Vibrio cholerae is a gram-negative bacillus that causes severe, dehydrating diarrhea in humans (20). V. cholerae is part of the free-living bacterial flora of estuarine environments. In areas where cholera is endemic, cholera exhibits a distinctive seasonal pattern, often coinciding with changes in temperature and water level (25, 34). In addition to its environmental growth, V. cholerae is unique among the diarrheal pathogens because of its ability to cause global pandemics. Since 1817, there have been seven pandemics during which disease has spread across Asia, Europe, and Africa and to the Western Hemisphere.

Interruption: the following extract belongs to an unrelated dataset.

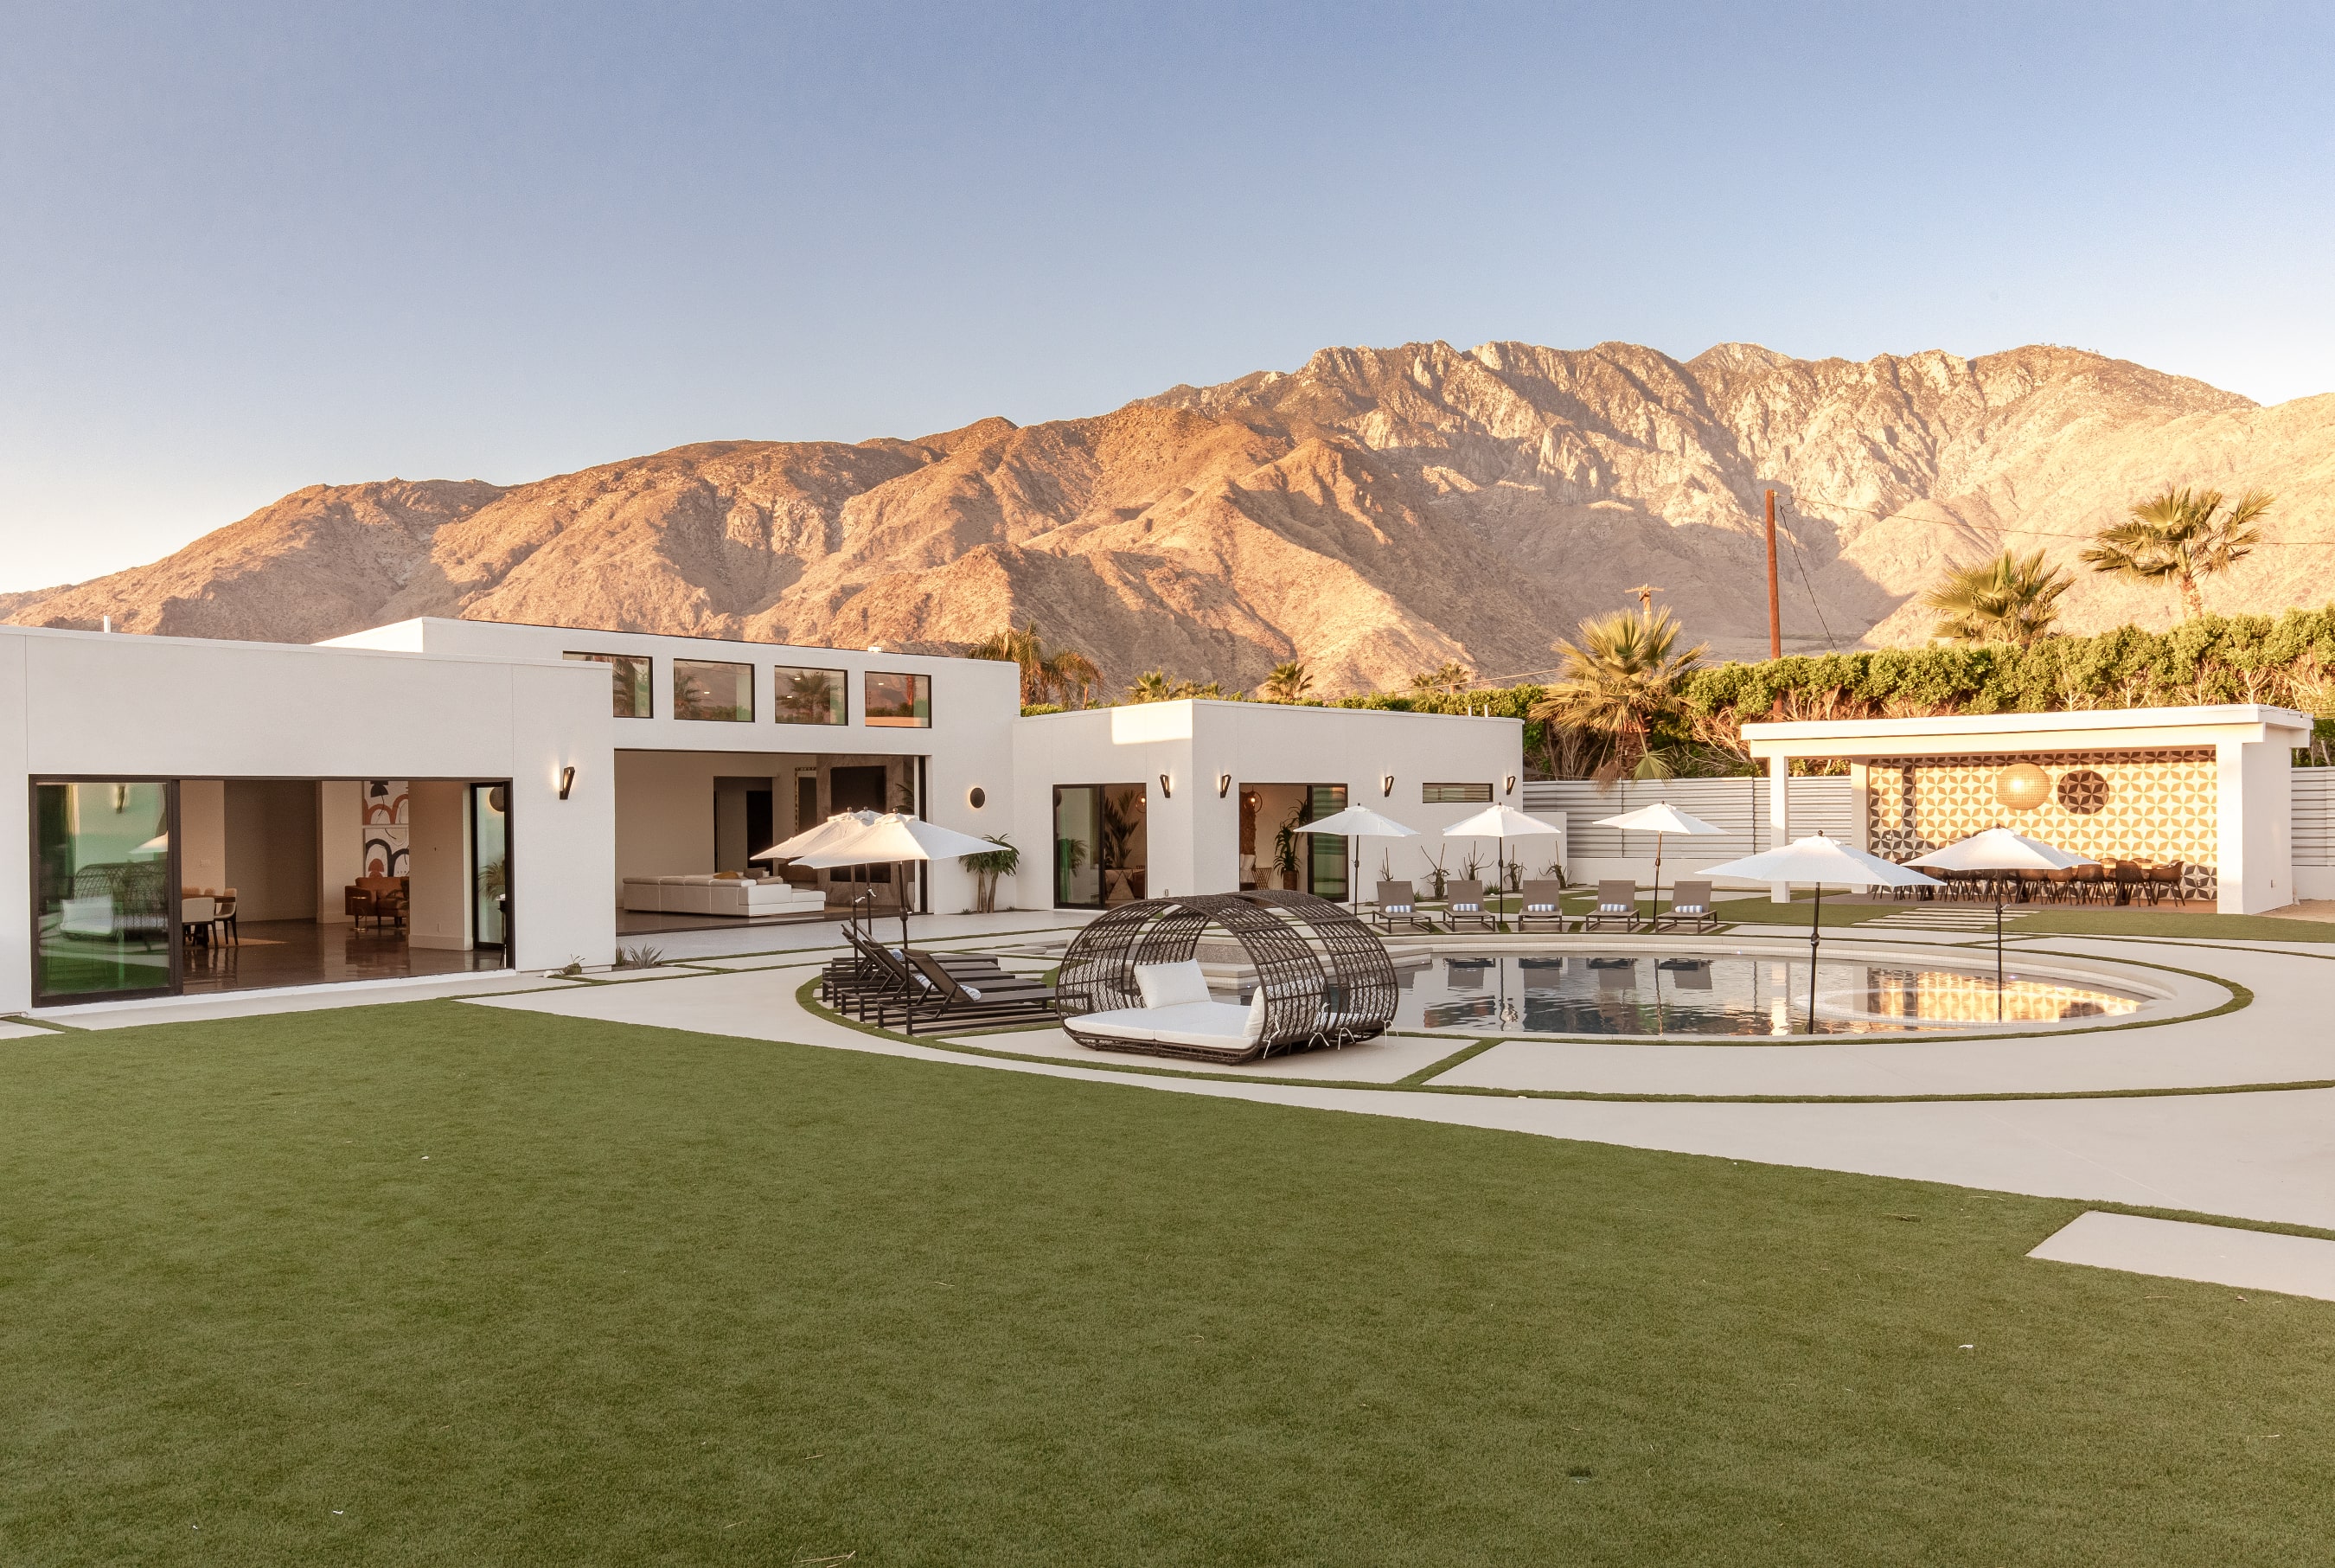 Palm Springs, California – Esta vasta escapada al desierto se ubica a pocas horas de Los Ángeles en vehículo. El impresionante espacio al aire libre incluye una piscina privada y un pabellón para ver el atardecer.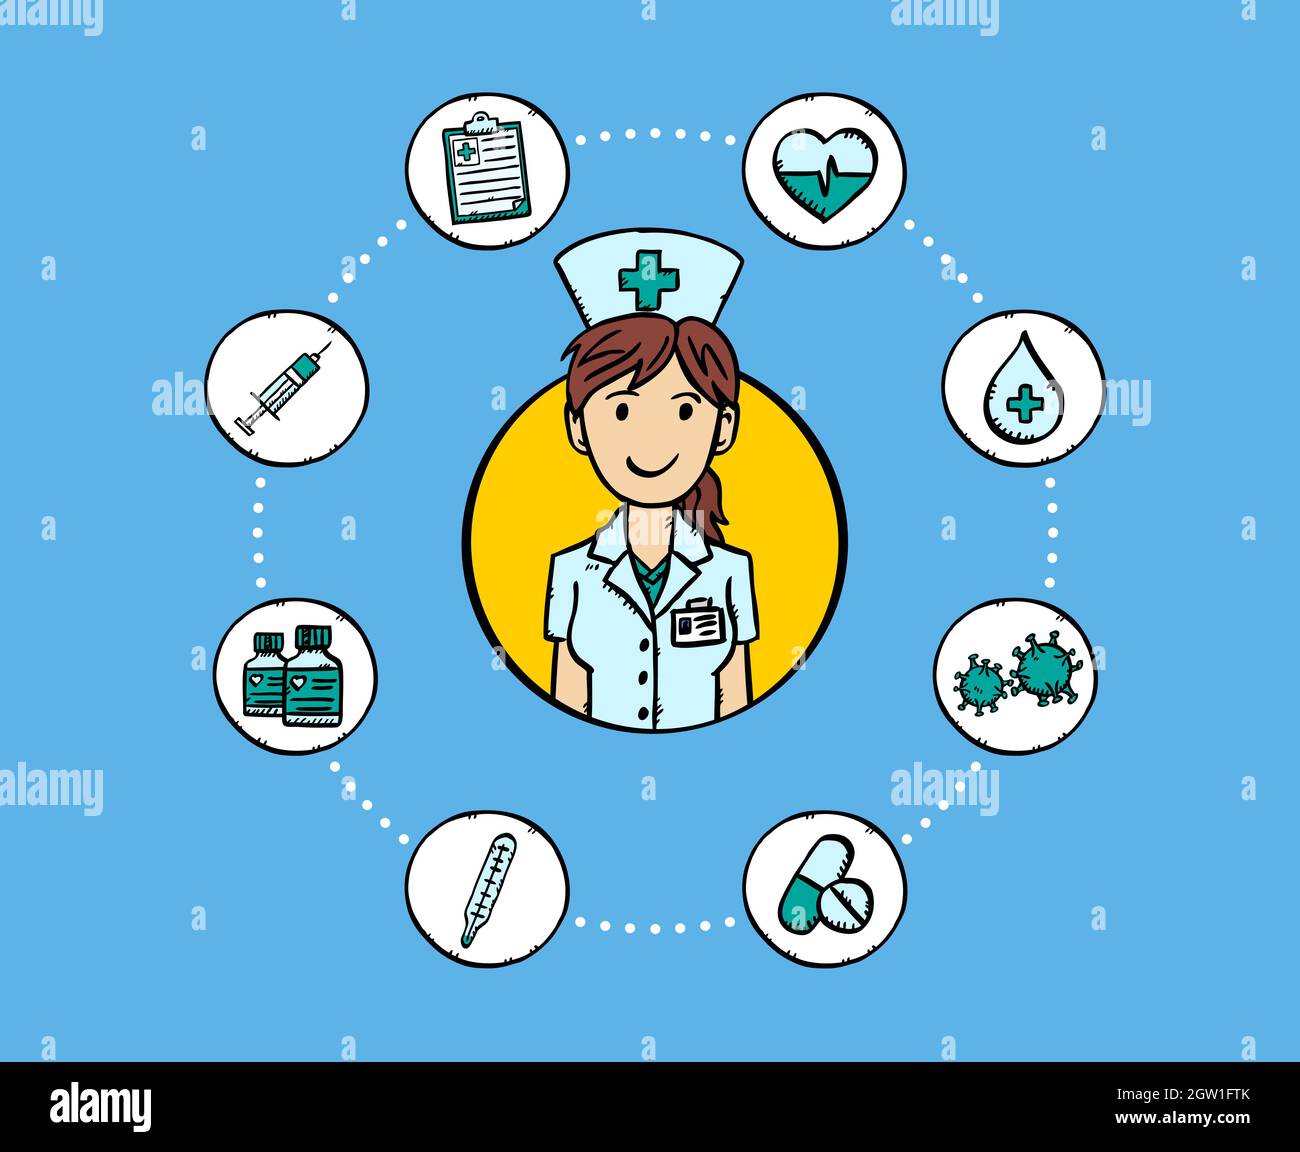 Vettore stile cartoon di avatar infermiera femminile, circondato da icone mediche. Lo stile di schizzo mostra un'illustrazione colorata. Illustrazione Vettoriale

A large component of the ability of V. cholerae to cause pandemic disease may be the continued differentiation and evolution of the organism. Strains of V. cholerae can be differentiated serologically by the O side chain of the lipopolysaccharide (LPS) component of the outer membrane. The vast majority of strains that produce epidemic cholera belong to serogroup O1 or O139. V. cholerae O1 is divided into two biotypes, classical and El Tor, which differ clinically and biochemically. V. cholerae O1 biotype El Tor is responsible for the current seventh pandemic of cholera; the last classical strain was isolated at the International Centre for Diarrhoeal Disease Research in Bangladesh (ICDDR,B) in 1991. In 1992, a previously unrecognized serogroup of V. cholerae emerged as a cause of cholera in South and Southeast Asia, V. cholerae O139 (3, 33). This new serogroup is nearly identical to the El Tor biotype of V. cholerae O1, except for the substitution of genes encoding the O139 LPS and acquisition of the ability to produce a capsule (6-9, 38). After a period in which V. cholerae O139 caused extensive cholera in Southeast Asia, El Tor V. cholerae O1 returned and now predominates over a smaller number of continuing cases of V. cholerae O139.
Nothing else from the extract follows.